How I learned that my self-esteem can’t come from others’ bodies
Megan Amato // Associate News Editor
Sex and I have a very complicated relationship. It was often an unhealthy one, based not on mutual pleasure but on whether or not a person wanted me. I had little to no self-esteem, undiagnosed mental health issues and a family who had taught me that love was conditional. I treated my body as a commodity that I traded for a temporary kind of love. I looked for who I was the only way I knew how to find myself—through other people. It took many unsatisfying and often humiliating sexual encounters and a couple of abusive relationships to realize that what I was looking for couldn’t be found in others. I couldn’t trade sex for my self-esteem and self-worth. I had to find those things in myself.
I’m not slut-shaming those who are sexually active, who love sex and find pleasure in variety. Instead, this is criticism of using sex as a tool for sex-validation. Simply stated: sex won’t make someone love you, but more, it won’t make you love you. Self-love doesn’t come when you do—and I rarely did anyway.
I hate clichés in media about loose women having “daddy issues.” I may have deep-rooted issues with my father but those issues come primarily from the worst daddy of them all: the patriarchy. Sure, my father told me that he hoped I wasn’t a slut because that’s all I would amount to no matter my accomplishments, but that was just wisdom passed down from big papa patriarchy. Women are criticized as both the virgin and the slut; there is no winning when it comes to sex, and the harder you try to find that self-worth in others, the more elusive it becomes.

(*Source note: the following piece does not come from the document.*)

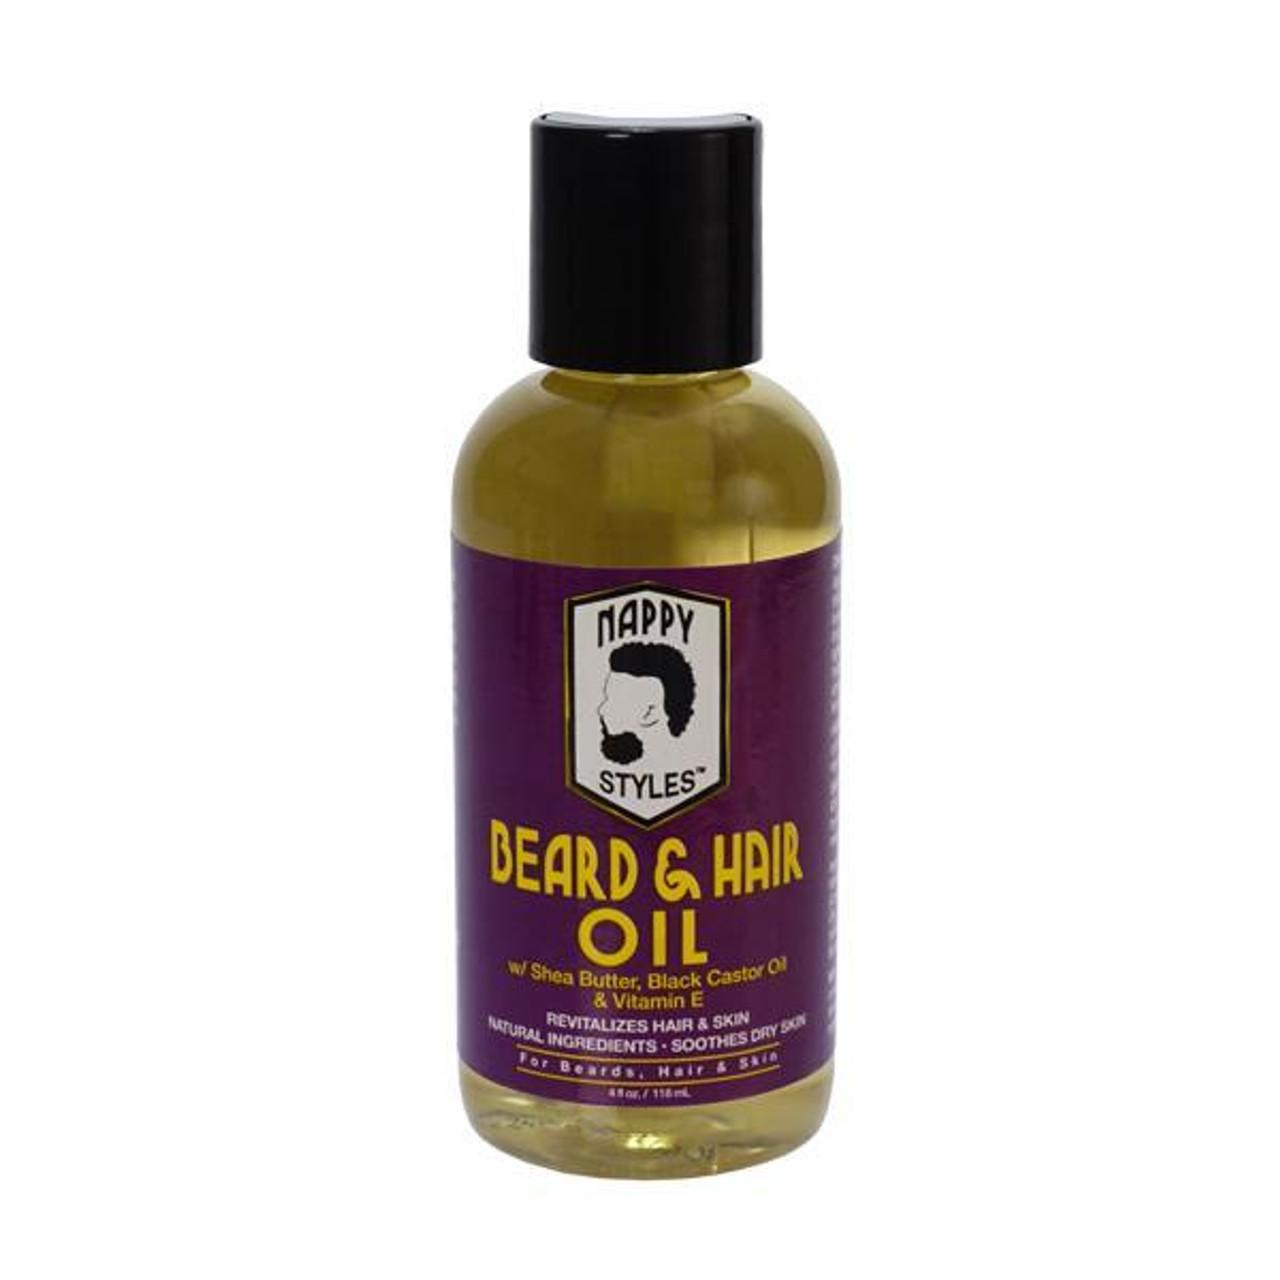 Nappy Styles Beard & Hair Oil
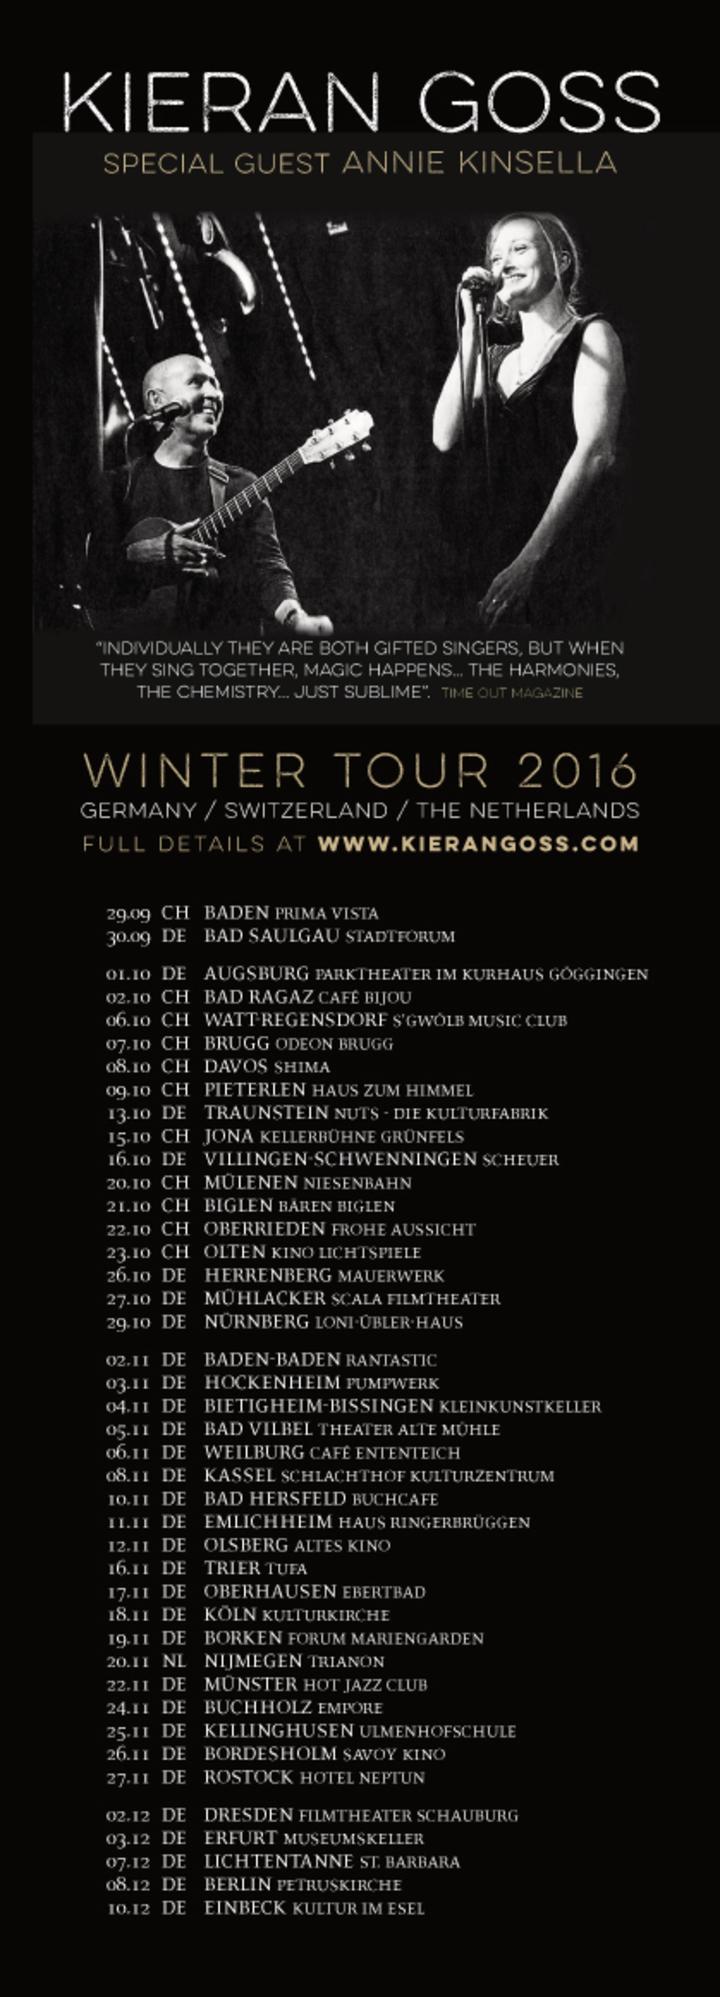 Kieran Goss @ GERMANY | EINBECK | Kultur im Esel - Einbeck, Germany

I was 15-years-old the first time I had sex with my boyfriend of one week—and he dumped me the next. The second time was with a slightly older guy who was very sexually experienced—to this day I don’t know how he got so many girls to sleep with him because it was the most unsatisfying sexual experience I’ve ever had. I had sex with him because I ached to feel wanted, and for those two days leading up to it, I did. He stopped talking to me almost as soon as he was done. After that, his friend messaged me on MySpace to kindly inform me that I was a whore. It was the second time I’d ever had sex but because it was with a guy who was promiscuous, I was the slut. Boys will be boys and all that rubbish.
Unfortunately, I didn’t learn my lesson. I kept handing my body over to people in hopes that I would feel some sort of connection that would provide me with a sense of self. I questioned my self-worth and value daily. I choose romantic engagements over friendships because they made me feel more immediate and hurt people who cared about me. When I turned 19, the bar scene made sex more easily available. There were some fun interactions, but I realized that I wasn’t hugely turned on by the person but by my own power and I slept only with those who chased me. It didn’t last long. It was six months before I was tired of the club scene and my self-esteem had hit an all-time low. I crashed and burned, hurt someone I cared about and began living with someone. That short relationship was emotionally abusive and he made me think that I owed him my body for every kindness he had given me. For a while, I thought it was my punishment and stayed until one incident made me fear for my safety.
After that, I spent six months with myself and away from the toxic relationship I had with sex. I entered a long-distance relationship and being separated from the person and unable to throw my body at problems allowed me to discover who I was, what I liked about myself and my complicated sexuality. In the end, being alone made me confront myself and my issues and opened the door in a way that sex or other people never could. Find who you are by yourself. You’ll thank yourself later.